In more detail than anyone having written on Kubrick before, Cocks deals with the filmmaker’s German relatives. German actress Susanne Christian, the girl from „Paths of Glory“, became Kubrick’s third and last wife, sharing more than forty years with him. Her real name was Christiane Susanne Harlan, and her uncle was Veit Harlan, director of the notorious propaganda film „Jud Suess“ (1940). This, so far, is nothing more than a biographical detail. But Kubrick’s interest in Germany wasn’t reduced to his wife or her relatives. His control of the German dubbing of his films was more intense than the dubbing of his films into any other language. He didn’t necessarily love his enemy, the enemy that killed so many of his family. But he wanted to understand Germans. And he admired their technical innovations, all the way knowing to which horrible use their technical innovations could lead. In „The Shining“, he also alluded to the attempted extermination of blacks and Indians.

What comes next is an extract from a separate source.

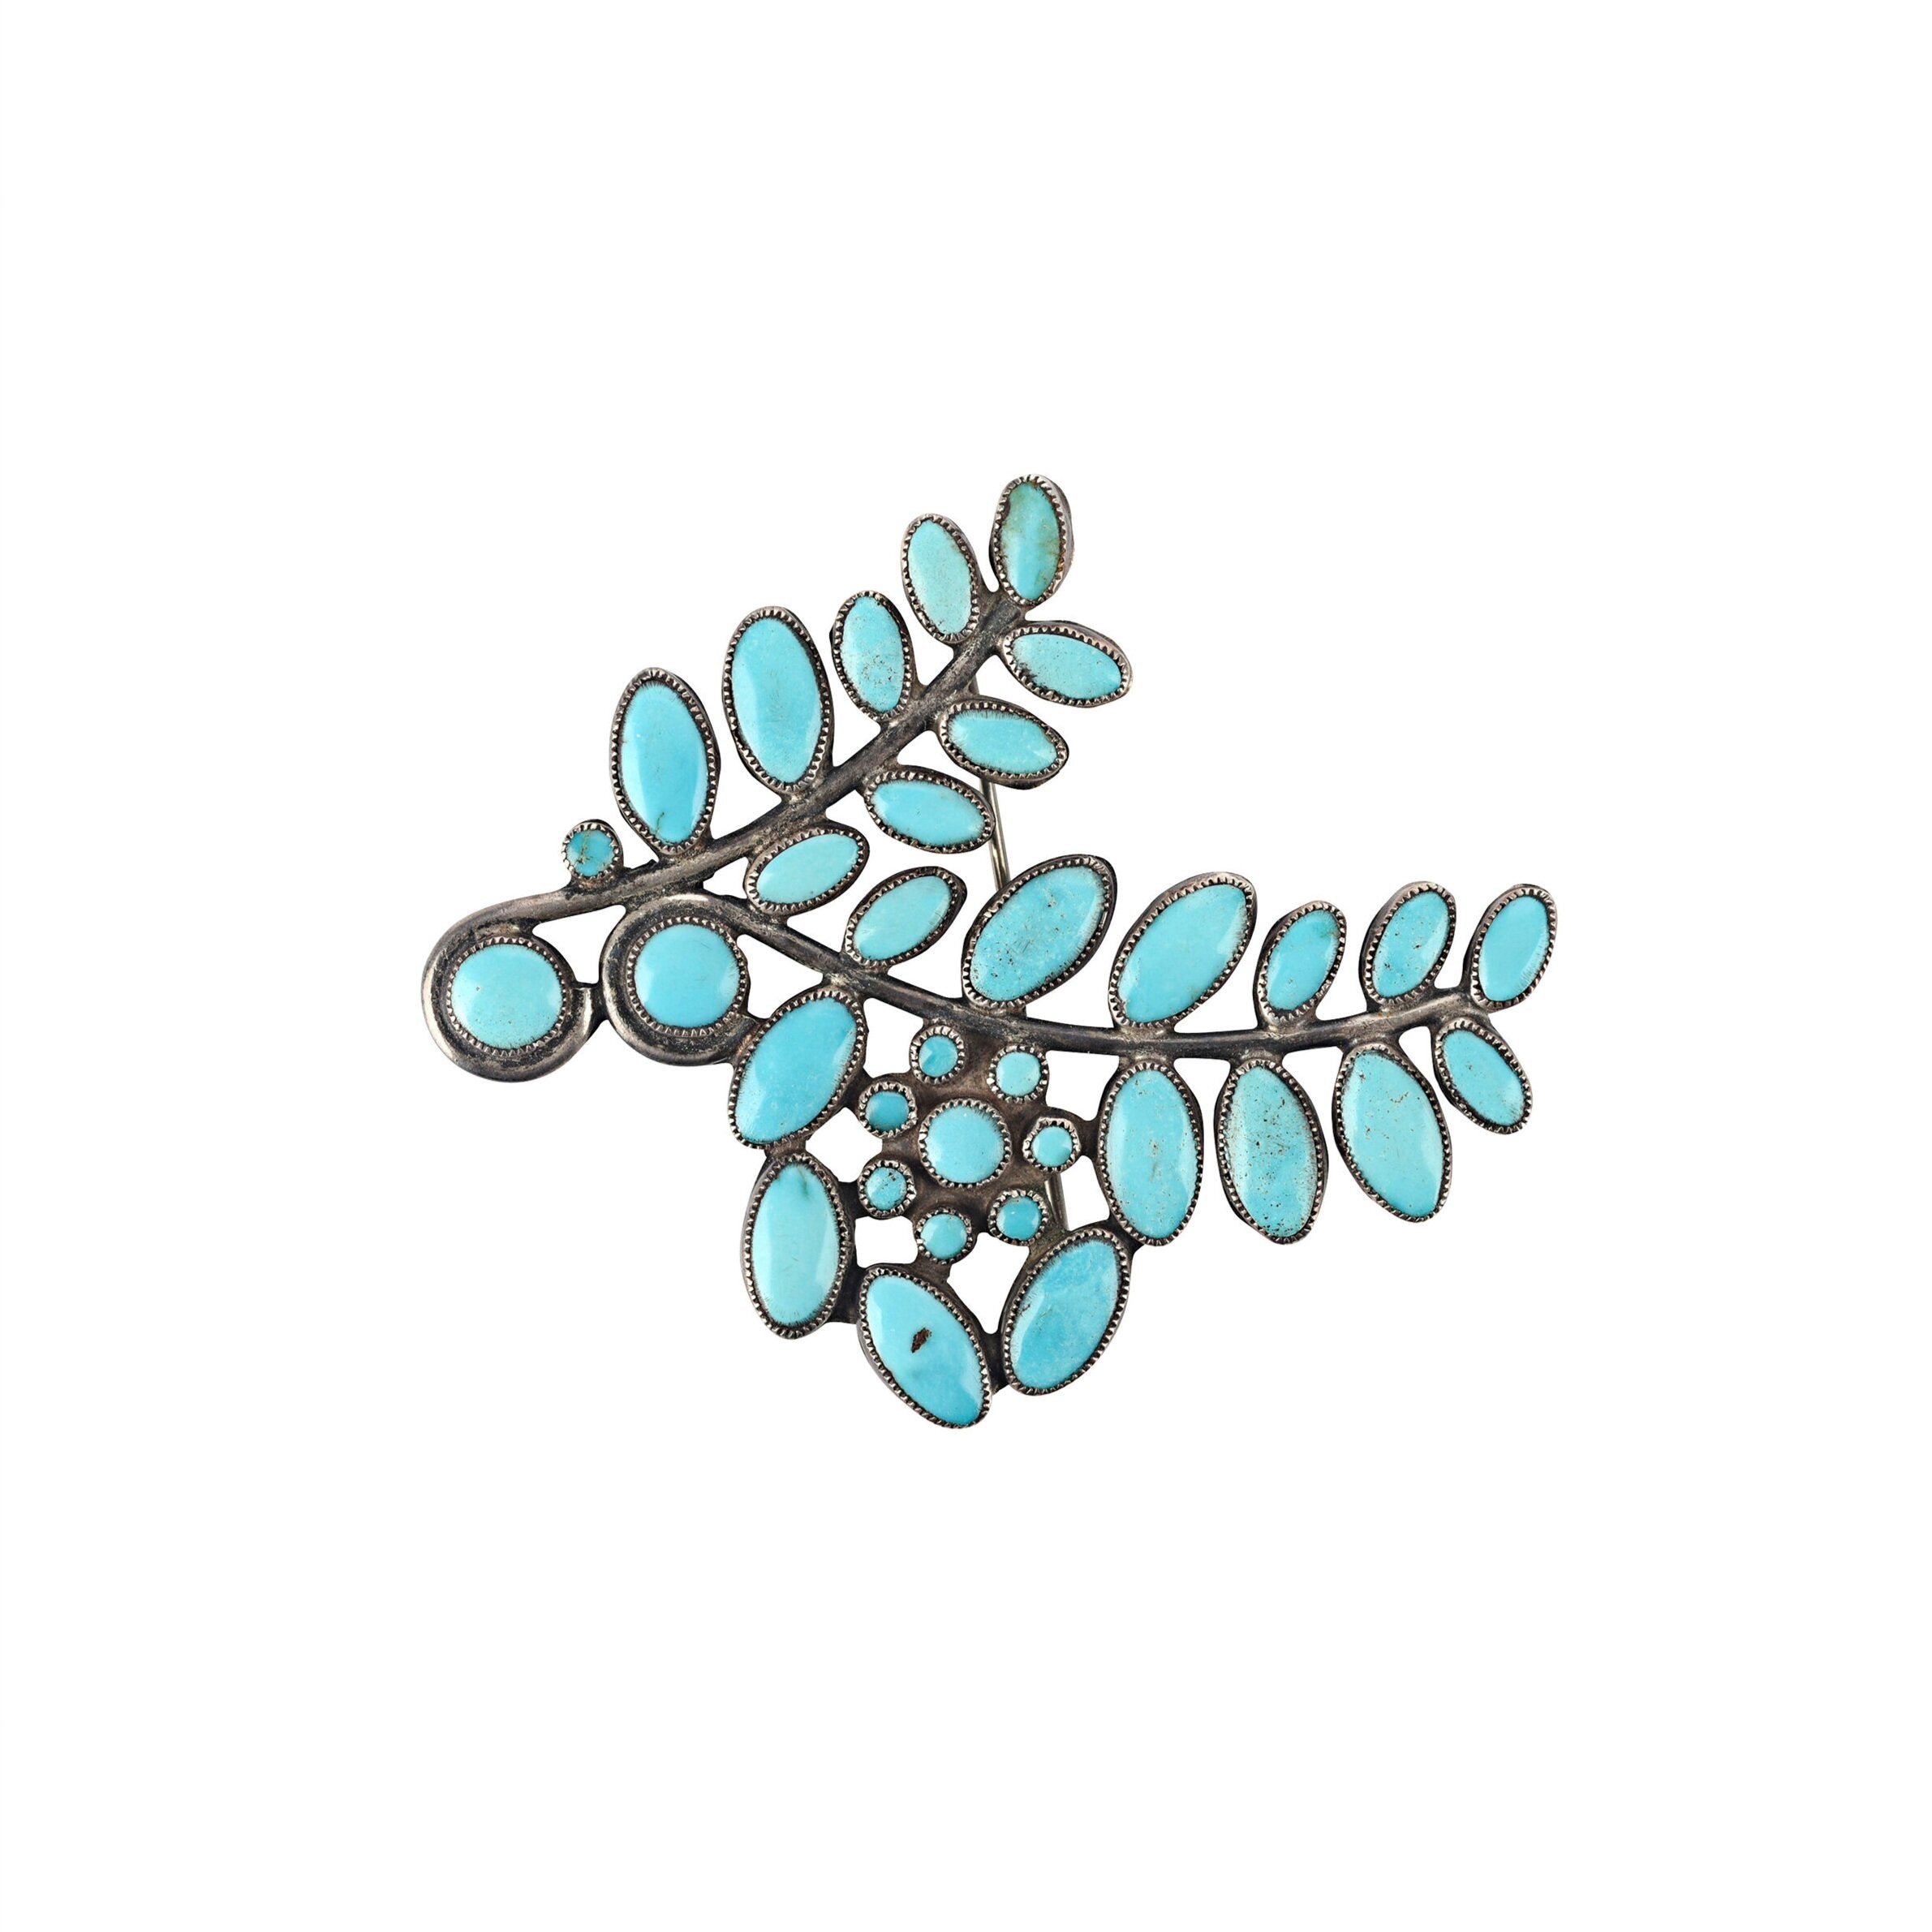 Vintage Zuni Turquoise Leaf and Flower Pin, c. 1950's

There is more to recommend this book than its intriguing theses. Cocks’ book is academic yet readable. A professor of history at Albion College in Michigan, Cocks may occasionally cite Lacan or Foucault, but his style is completely unpretentious and jargon-free. A most admirable trait is his discreet use of personal information. No one who has contributed to this book has any reason to feel betrayed. Best of all, Cocks doesn’t ignore or attack other writings on Kubrick, unlike Daniel Jonah Goldhagen, who in „Hitler’s Willing Executioners“ (1996) cites poor unimportant Raul Hilberg and Hannah Arendt twice, respectively, and in both cases expresses disapproval. Cocks has much to add to previous work done on Kubrick, but he is aware of the pioneering work done by John Baxter and Vincent LoBrutto (both in 1997) and cites them full of respect. Similarly, Kubrick was far from arrogant or elitist when watching and judging films directed by colleagues. He loved to be entertained. One of the more surprising affinities he had felt was an affinity for Woody Allen, an early contender for the Tom Cruise role in „Eyes Wide Shut“.

One minor reservation: Cocks takes Susan Sontag and her condemnation of „2001: A Space Odyssey“ as an example of fascist aesthetics too seriously. Considering Sontag’s opportunistic rejection of pop culture only a few years after championing it; considering her interest in gay camp followed by homophobia (analyzed in Linda Mizejewski’s 1992 book „Divine Decadence“); considering her shoddy research on Leni Riefenstahl and German films, stealing ideas from Siegfried Kracauer without acknowledging him; considering her descent, Samuel Beckett in hand, on Yugoslavia in the fall of 1993, not knowing that Sarajevo had by that time already become a tourist attraction for various soap opera actresses eager to get photographed walking through the rubble; considering her condemnation of Peter Handke’s pro-Serbian stance followed by her admittance that maybe Handke did know a little bit more about Serbia than she did – considering all that, one shouldn’t take every word uttered by Sontag too seriously, despite her occasionally stimulating theses.

Such minor objections have nothing to do with the main argument of Cock’s intriguing and original book. Most importantly, Cocks explains a phenomenon that several Kubrick detractors have interpretated as Jewish self-hatred. If Kubrick has de-Jewed so many characters from his literary sources, including the couple from „Eyes Wide Shut“, he only did it because the subject was too close to him. Kubrick’s insistence on his privacy went so far that even his Jewishness was too precious for him to be dealt with in public.